All of the papers espouse similar values: blind patriotism, vilification
of immigrants, hatred of the under-class, anti-union rhetoric, Zionism, and a
lack of social consciousness. Thus, when
papers such as these run stories in such a way which provokes outrage, my
dubious eyebrow raises to an Everest-like height. I honestly feel as if we deal
with the politics of distraction with the media agenda, without sounding like
too much of a conspiracy theorist.
With all the tragedy in the world, why is that the plight of
a singular lion trumps that of human suffering? How telling it is that most of
the people reading this know the name of the lion which was poached, but couldn’t
tell me a single name of one of Dylann Storm’s terror shooting?
The central issue is that of coverage, and also of prominence.
Do we see the victims of American drone attacks on the front of The Sun? We never have, and I would
state that we never will. As a consequence, the average westerner lives in an
odd bubble where the very real problems faced by other human beings just don’t
reach us. It is as if we inhabit a luxurious space habitat, like that in the
film Elysium where a decadent,
privileged class are so far removed from war-ravaged Earth that they couldn’t
possibly empathise with the poverty faced on the ground.
If the average citizen of the UK doesn’t know of the
suffering faced by black people in America, and they’ve never humanised the
plight of someone whom has suffered, the result is depressing; there is a
systemic lack of empathy for the victims of geo-politics, and not only is there
a lack of empathy, there is outright revulsion.
If we take the latest fiasco at Calais, with David Cameron
describing human beings who are most likely trying to escape war torn countries
and make a better life for themselves as a ‘swarm’, and the Daily Telegraph
reporting the cost of transporting of the lucky few whom make it through at up to ‘£150 a day not being
unusual’, it’s easy to see the reduction of the plight of fellow human beings to
mere economic cost.
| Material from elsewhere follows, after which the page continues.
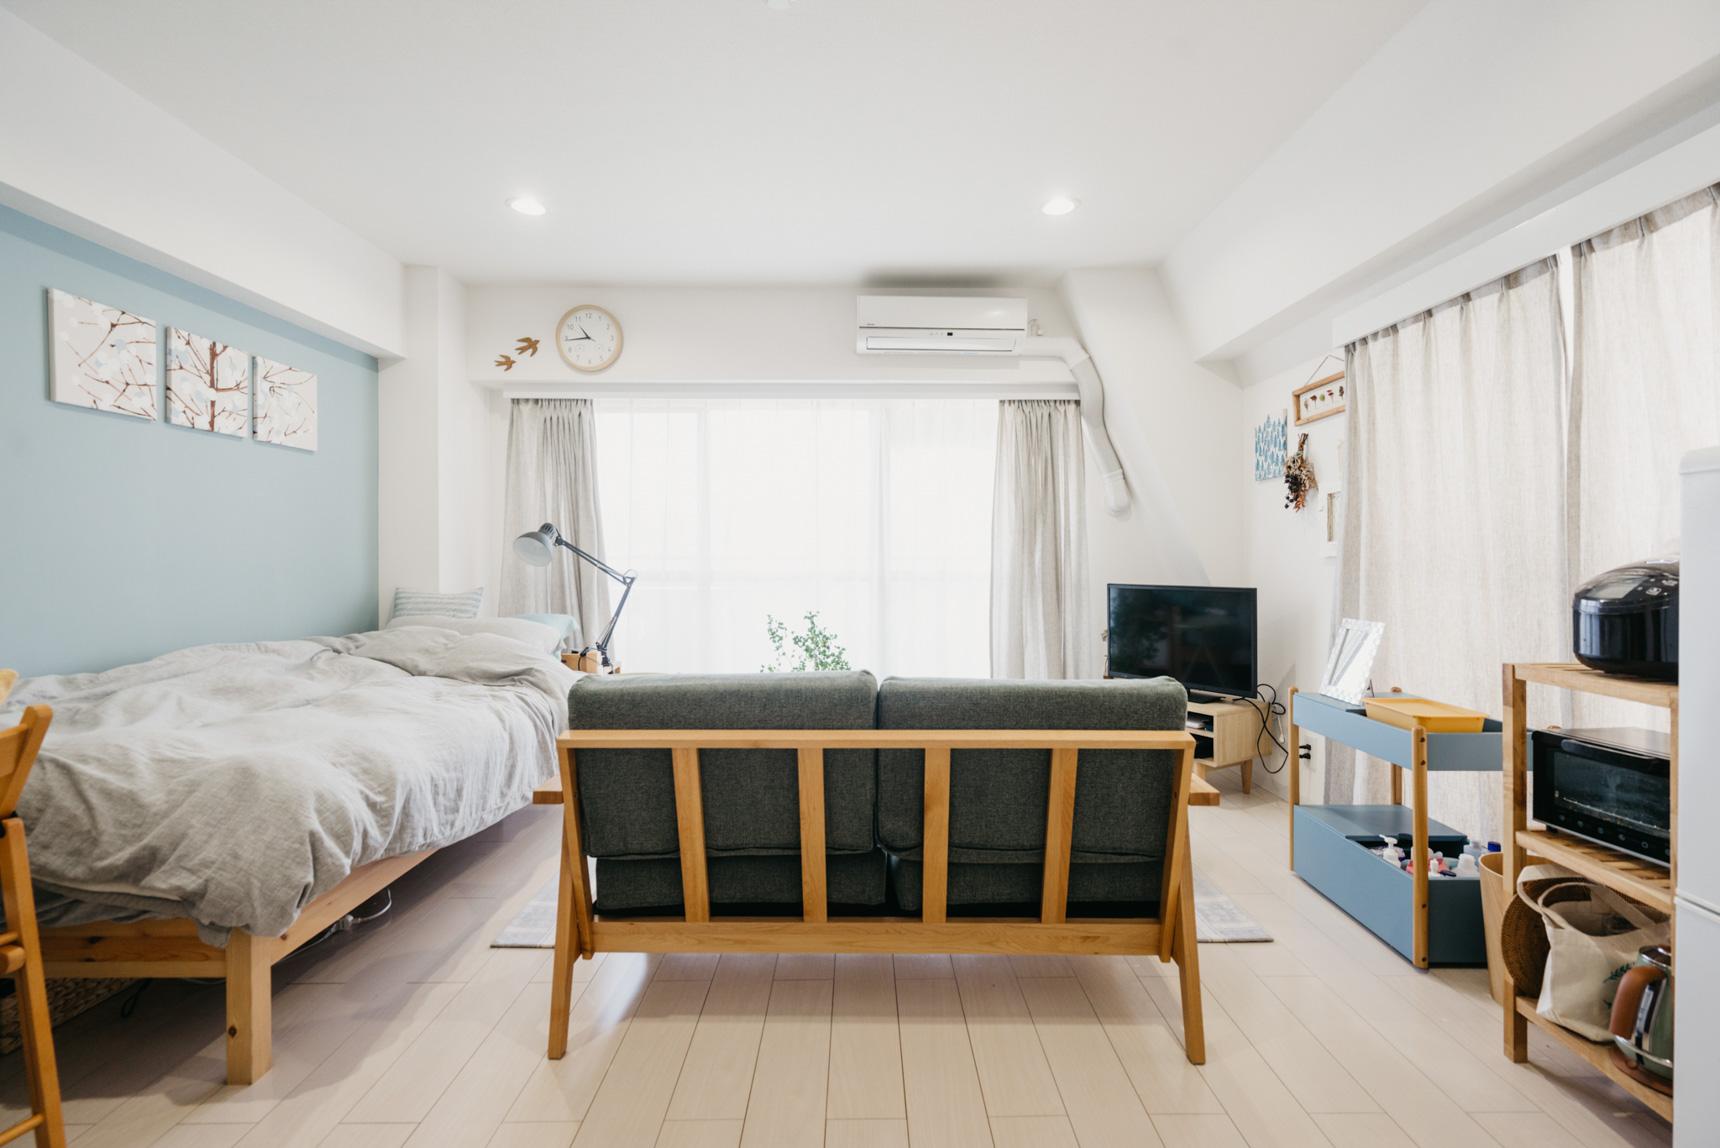 定期的に模様替えをして、インテリアの位置を変えるのも良いでしょう。部屋の広さ的に難しい場合は、ソファやベッド、テレビ台などは足つきのものにして風通しを良くすることもおすすめです。(このお部屋はこちら)[/caption]

For if it’s one thing the British immigration-phobic public
detests, it is impoverished human beings trying to make a better life for
themselves.
We are also behoved to remember that the most serious
problem the UK faces isn’t a corrupt taxation system, a suspected paedophile
ring in parliament or the semi-privatisation of the NHS, but a trickle of
asylum seekers.
Empathy and fraternity are words which have vanished from
the British lexicon.
To conclude, I will argue, as I have always done, for the
rights of the oppressed, rather than in bourgeois causes which soothe the
feelings of selective outrage for white, middle-class England. I shall always humanise
those whom have been forgotten or buried by the machinations of the media,
because if I can make an iota of difference, then it’s a life well lived.